World Class Photographer – and friend – Anita Bartlett Leaves a Legacy
For 25 years, I worked as a TV news reporter in major broadcast markets, and now, as a sort of “corporate muse,” I facilitate creativity workshops for hundreds of executives at a time — so I’m pretty comfortable speaking in public.
But I had a speech to make last weekend that filled me with angst. I was asked to speak at the memorial service for one of my closest friends, and one of the most talented artists I’ve ever had the pleasure to know. Why was I anxious? Because it’s not easy to find the words to do her justice.
It’s likely you don’t know the name Anita Bartlett, but if you’ve ever walked the hallowed hallways, private dining rooms, and public lobbies of a Fortune 500 company, you may have seen her work. She’s shot stunning photos on almost every continent, and was awarded for the “Best Photography Website” on the net, by a prestigious photography publication. She was up against some of the greatest shooters in the world. She had never built a website before.
Her landscapes are spectacular, but that was the least of her gifts. Anita was an incredibly sensitive, empathic photographer who traveled the globe documenting the lives of ordinary people of nearly every culture.
When Anita would travel, she almost never stayed in hotels. She’d rather earn her room and board via “sociological experiments.” On an “Earthwatch” trip to India – she agreed to a couple of tasks: 1) Recording local songs in poor remote villages and 2) Collecting stools for a health project — and not the kind you rest your feet on. (She knew to bring her own rubber gloves, but other volunteers apparently did not — and when they saw the villagers arriving with “waste on a leaf” – they fled.

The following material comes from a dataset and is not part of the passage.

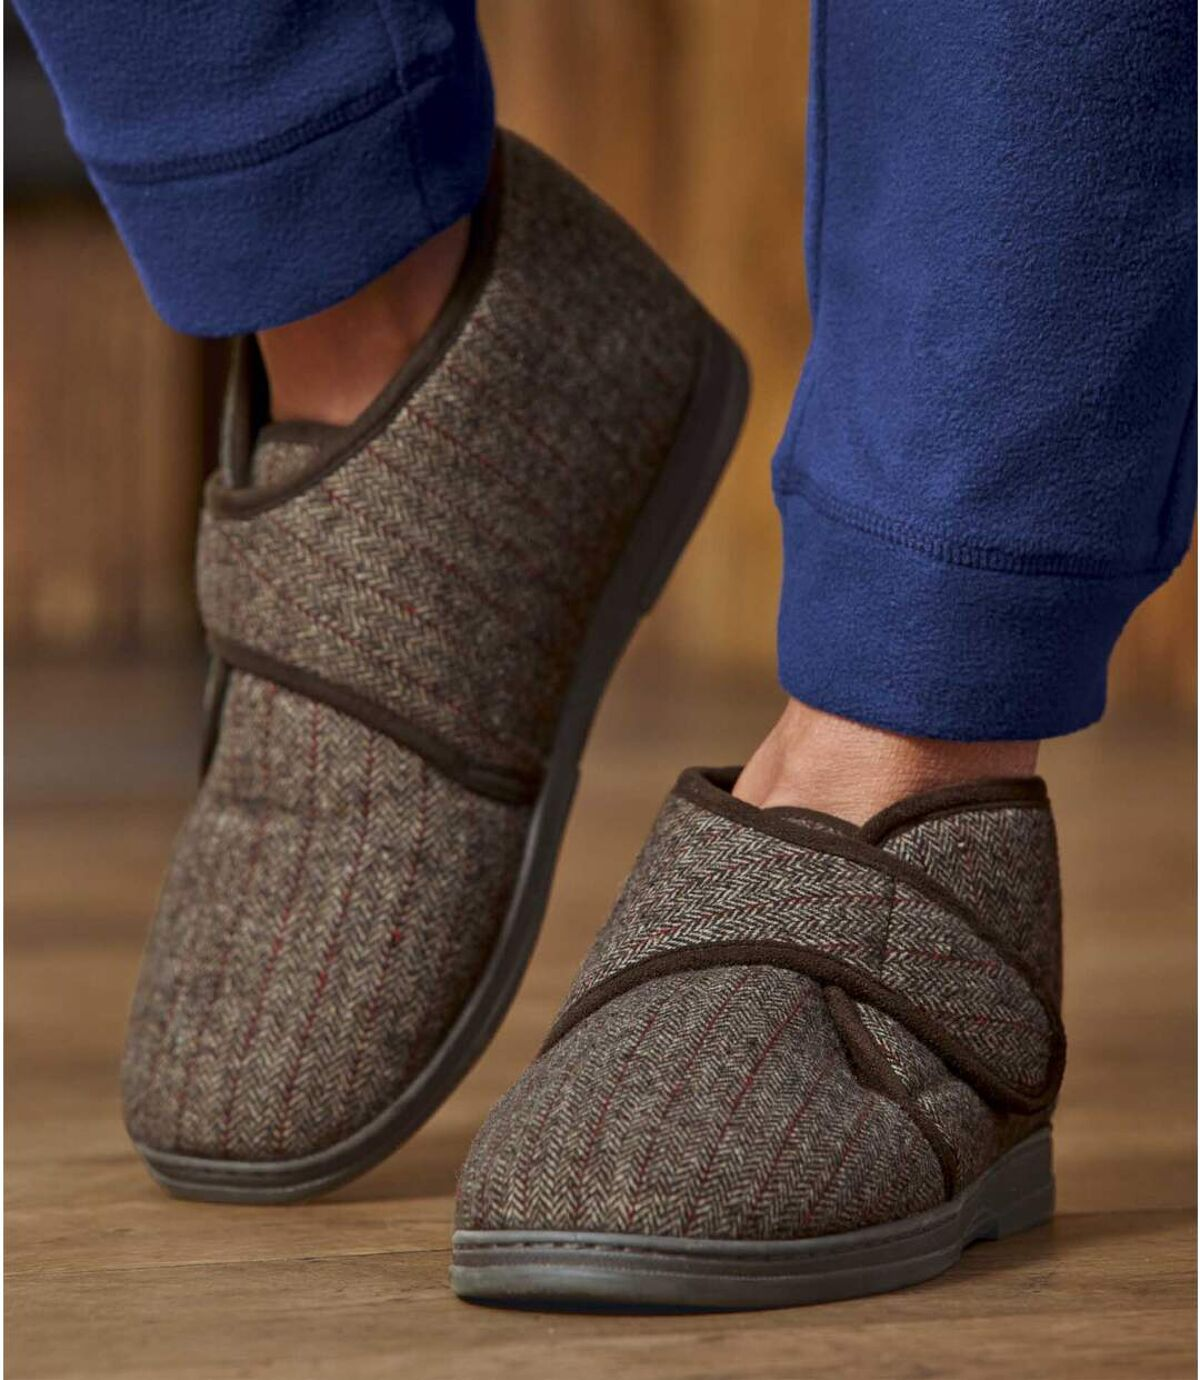 Pánske zateplené vyššie papuče na suchý zips Atlas For Men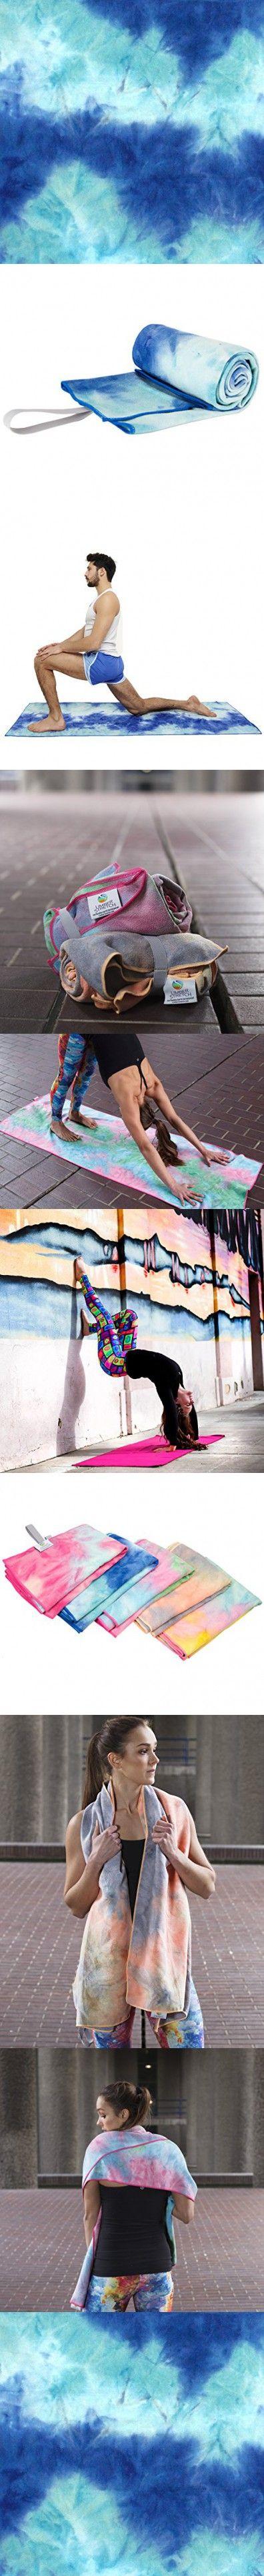 Limber Stretch Yoga Mat towel - Microfiber Bikram Hot Yoga Towel - Non Slip and Sweat Absorbent perfect for Bikram, Ashtanga, Vinyasa yoga

Anita stayed.)
Her good friend and colleague, Jane Prior traveled with Anita to India and to the ancient City of Petra, Jordan. She said her companion instantly made friends: “She was invited into homes, to weddings, village pow-wows, and tribal celebrations. She’d frequently return with photos and developed ongoing friendships that secured future trips and reunions.”
Anita slept on cement floors, in huts and hovels, because she thought it made her more sensitive to the lives of the people she was photographing. She was right.
Now for the remarkable cialis part: Being a world class photographer wasn’t her day job. For over 20 years Anita worked as Executive Assistant to Ed Goren, Vice Chairman, FOX Sports Media Group, in Los Angeles. In any large, successful enterprise there is always one person behind the scenes who makes sure things get done. Anita was that person at Fox Sports. If football greats Terry Bradshaw, Howie Long, Michael Strahan, or Jimmy Johnson were writing this post, they would say the same thing.
If you had been at the memorial, you would have heard me say that being close to Anita was not “Friendship 101” — it was more like a master’s level class. She was opinionated, stubborn, and totally uninterested in compromise.
She saw things her way — you could agree or not — but her view was unlikely to change. That’s part of the artistic temperament we’ve talked about here before. To create great art, you almost have to have that chip in your brain that says “I don’t give a damn what you think, this is what I see, this is how I feel.” I think the fact that Anita had that chip, and incredible empathy at the same time, is what made her such a rare talent.
I spent a lot of time with Anita in the last days of her 2-plus-year battle against cancer. To the end, she was talking about the trips she wanted to take, the things she wanted to photograph. I would have loved to have seen those pictures. I would have loved to have a little more time with my friend. If you believe in the notion that the measure of a life is the passion with which you live it, my friend Anita Bartlett was a living masterpiece.